Want to blow the mind of your nearest kids? Just make sure they’re outside, with eclipse glasses on hand, for one of the greatest shows the sky can put on for them.
“It was very impressive,” says my son, Eli. He’s in high school now, but he was just nine when we drove through the night to get to Kentucky for the 2017 eclipse.
“You don’t really get anything else like it," says my daughter, Ari. She was 14 when we made the trip, and she’s in college now. For both of them, the experience left lasting memories.
“I think that was one of the most impressive things - I got, like, a panorama just all around. Like a consistent kind of sunset view. And that was really fantastic," she recalls.
“I remember the ring of light around the corona of the sun, is that what it’s called, but what I think was most impressive was how it became night. The animals started making noises, and I thought that was the coolest part of it,” Eli remembers.
That’s not exactly what he said at the time, of course.
“It looks like dark magic," he said back then.
We were all shouting and screaming and clapping that afternoon in Marion, Kentucky, and as much as I treasure the pictures I took of the blacked-out sun in the sky, it’s the video camera that I set up on the hood of the car pointed at us watching the eclipse that provided the best record of the day.

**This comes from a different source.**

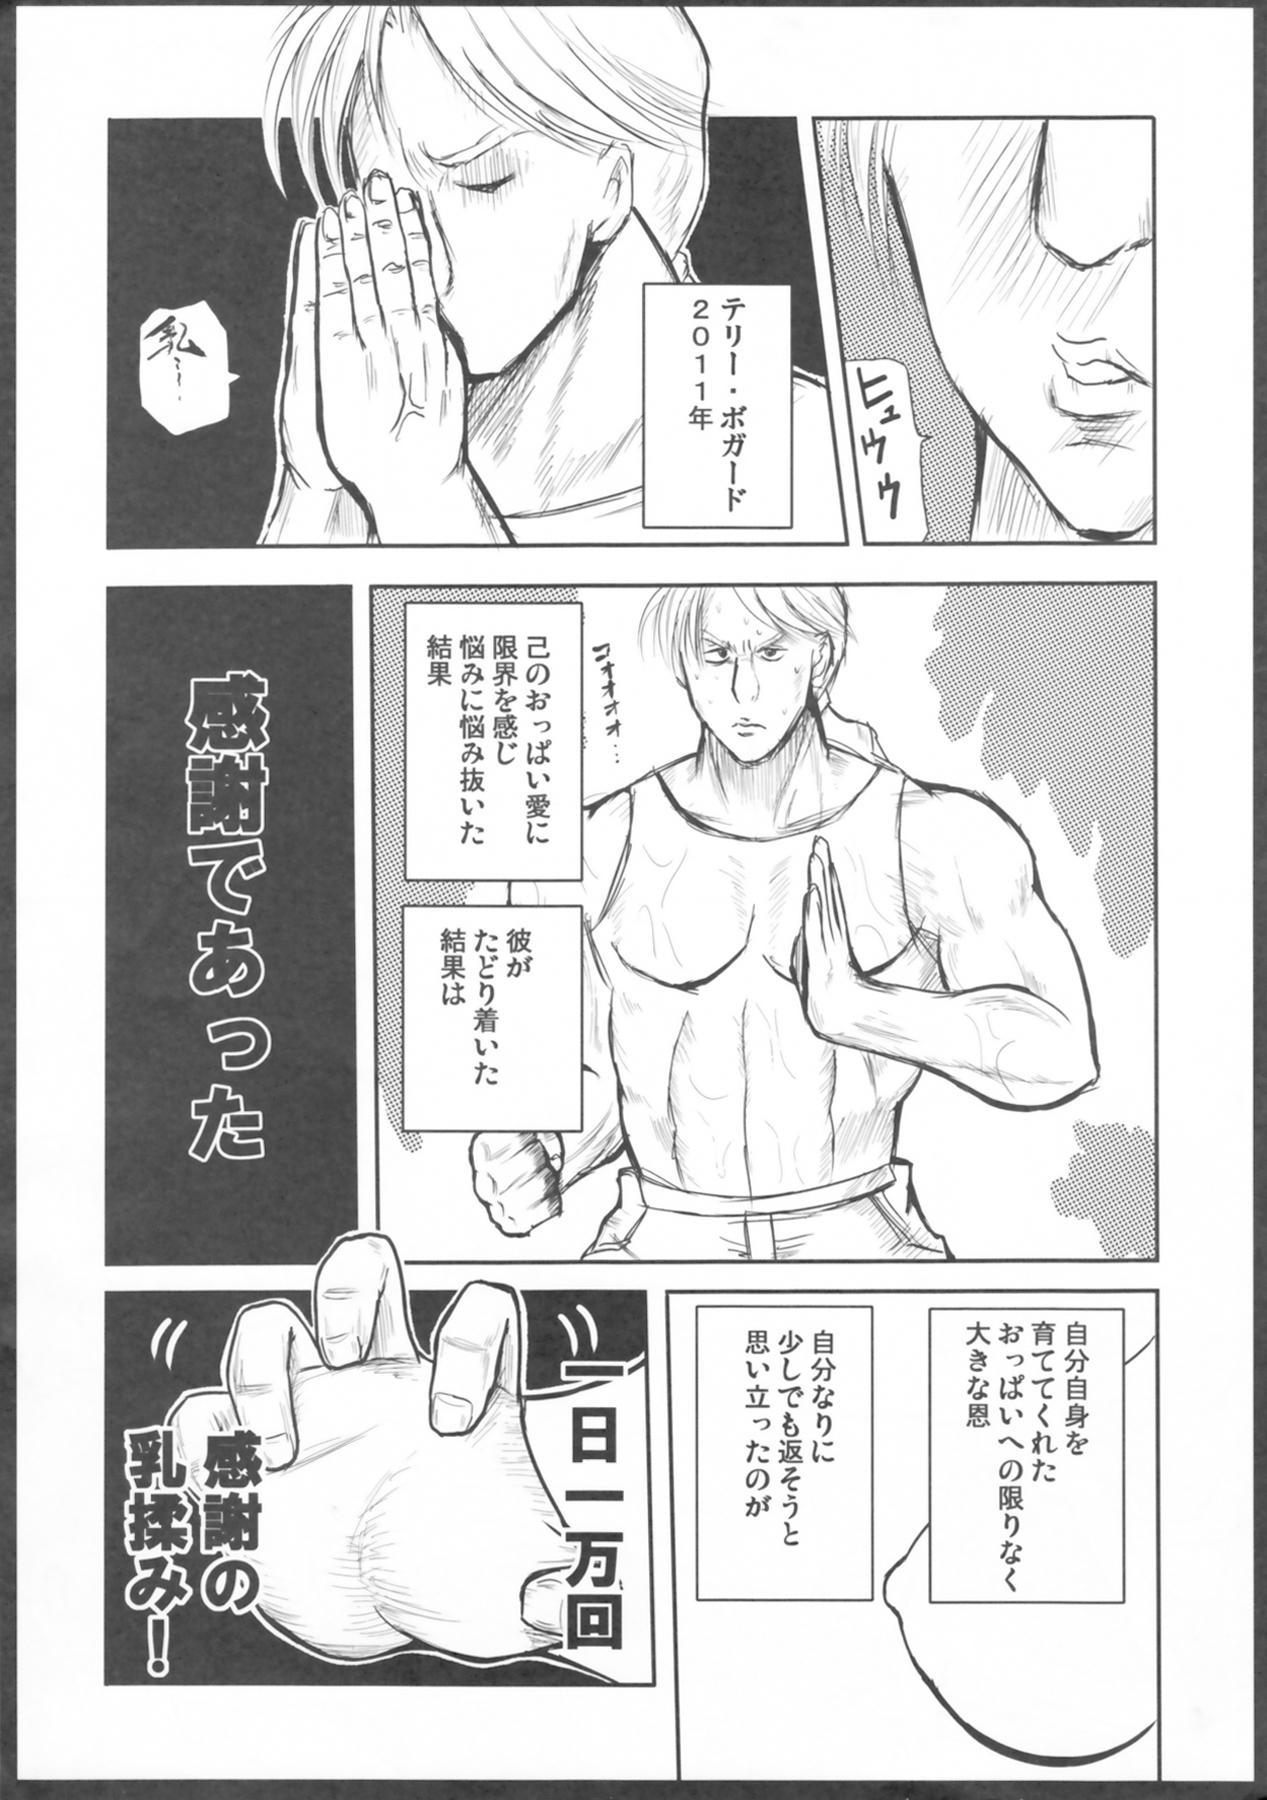 Spycam Milk Triple Ecstasy - King of fighters Fatal fury Taiwan - Page 5

I’ll have that camera set up again this year to capture my family as we watch the eclipse at home. It’s a moment we’ve been anticipating ever since we first saw totality in Kentucky.

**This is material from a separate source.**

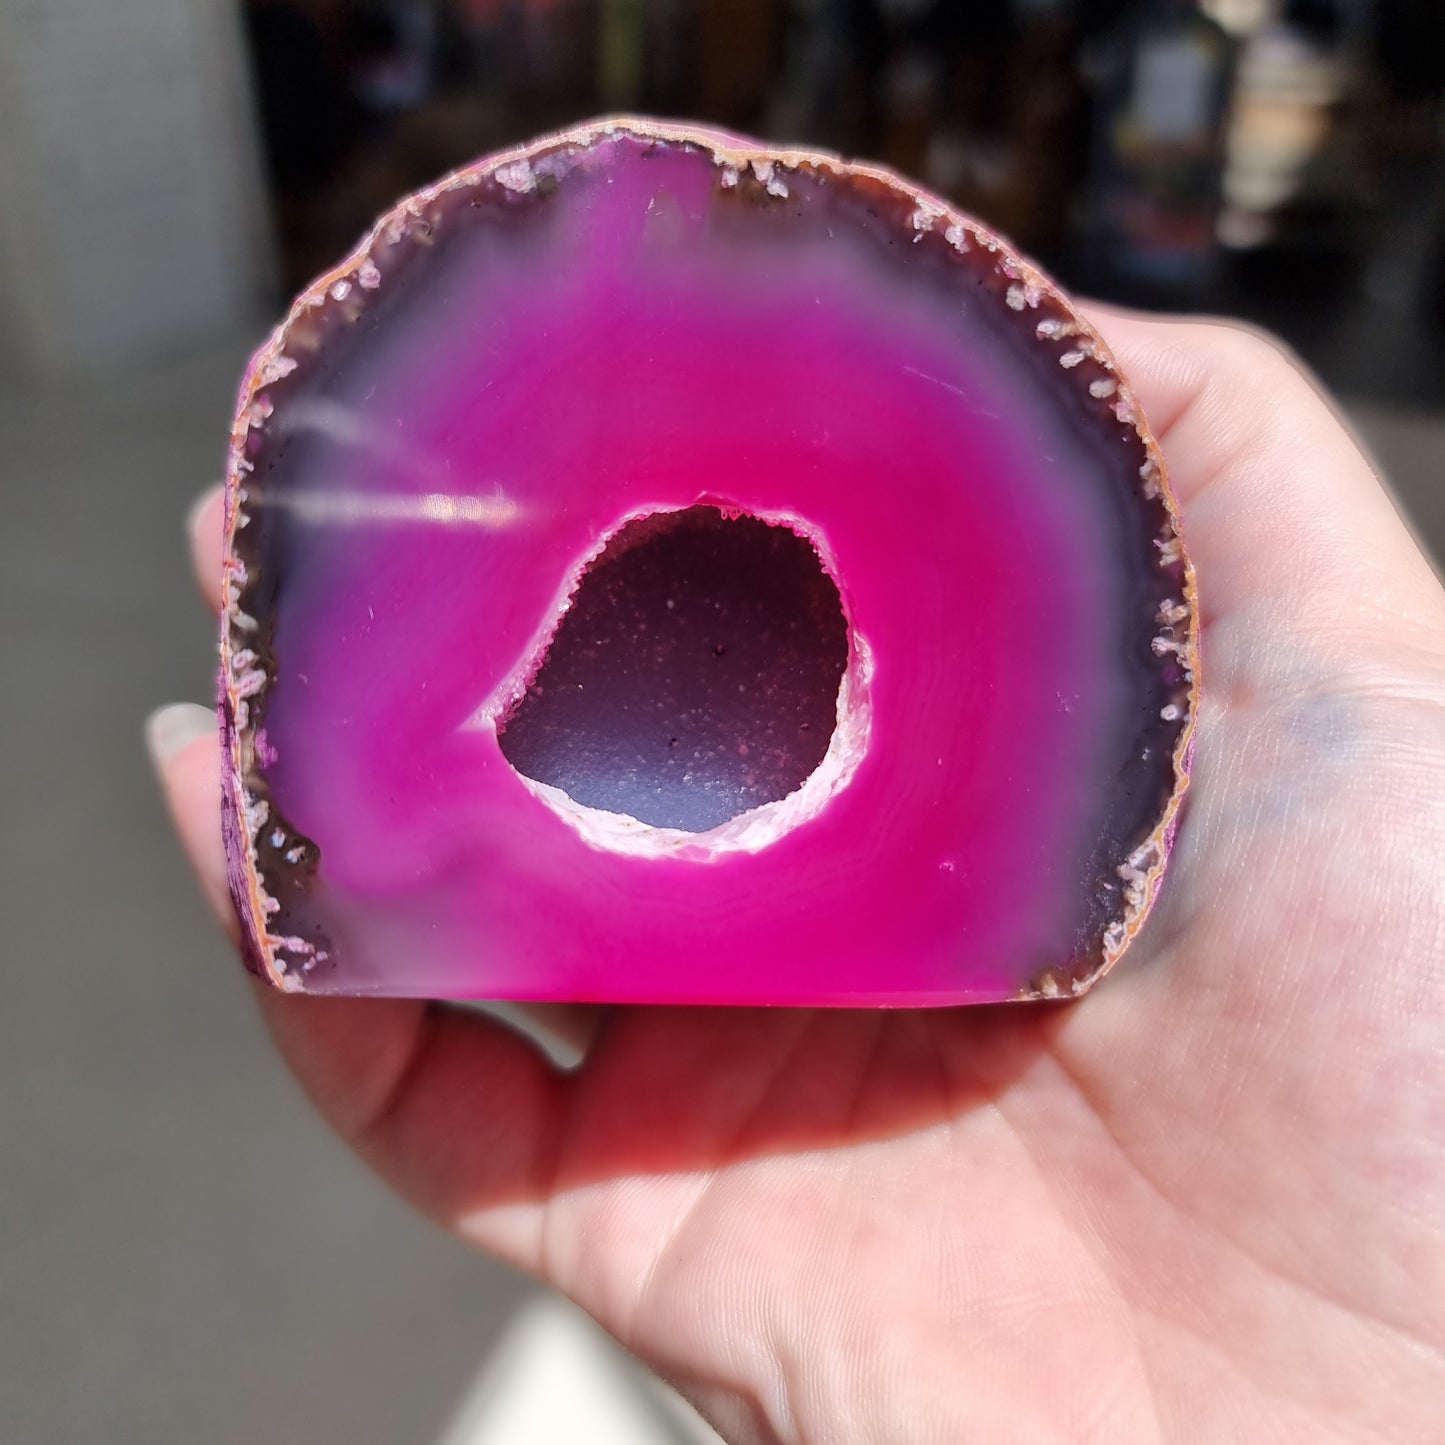 Pink agate with deep pocket - Rivendell Shop

“I can’t wait to see you again in seven years, eclipse!,” Eli shouted in 2017. Now, he says, “I remember looking forward after 2017 and thinking, wow, I’ll be old, it’s far away, and now I know it’s the present.”
A total eclipse is many stories all at once: it’s what’s happening overhead, which is what everyone sees. But it’s also the individual experience each of us has along the way - the one that’s happening around us on the ground before, during and after totality.
For young kids, it might be as cool as seeing the crescent of the sun near totality, projected through leaves on a tree or the holes of a colander. Anything with holes will work, even a Ritz cracker. For older kids, it can be a deeper science lesson about how the orbits of the Earth and the Moon create an eclipse. For anyone who’s traveling to see the big moment, it’s all the tales of a road trip. For my family, the story we still tell about the 2017 eclipse started a couple of hours before totality.
Eli: “There was a little diner where we had lunch.”
Ari: “We’re making small talk with the locals and everybody was so impressed that there was like a whole crowd there for the eclipse.”
Eli: “The people were nice and then as we were walking out…”
Ari: “And on the way out, heading out from lunch, this old guy -”
Eli: “Actually I can’t remember if he was old, but he was a nice guy, and he walked out and said…”
Ari: “...he said y’all have yourselves a good eeee-clipse”
Eli: “Y’all have yourselves a good eeee-clipse”
Ari: “And it just, it made the day.”
Whatever your family’s eeee-clipse - or rather, eclipse - story turns out to be, young eclipse viewers will have more opportunities to make these memories than our generation did.
That 2017 eclipse was the first time totality hit North America since 1979. But three total solar eclipses will cross the continent in the 2040s and 2050s, and then there’s another cycle 20 years after that. If your kids get hooked on the experience now, this won’t need to be a once in a lifetime event for them. And you can start right now making sure they have memories to preserve for future eclipses.
“I think it will be cool to see the eclipse in New York City in 2079,” Eli says.
They’ll be in their seventies for that one, and I’ll be long gone - but I think of my kids, and yours too, as a sort of living time capsule. They’ll be telling their families about totality in Rochester when they were kids - and about the “good eeeee-clipse” that started it all for them before that.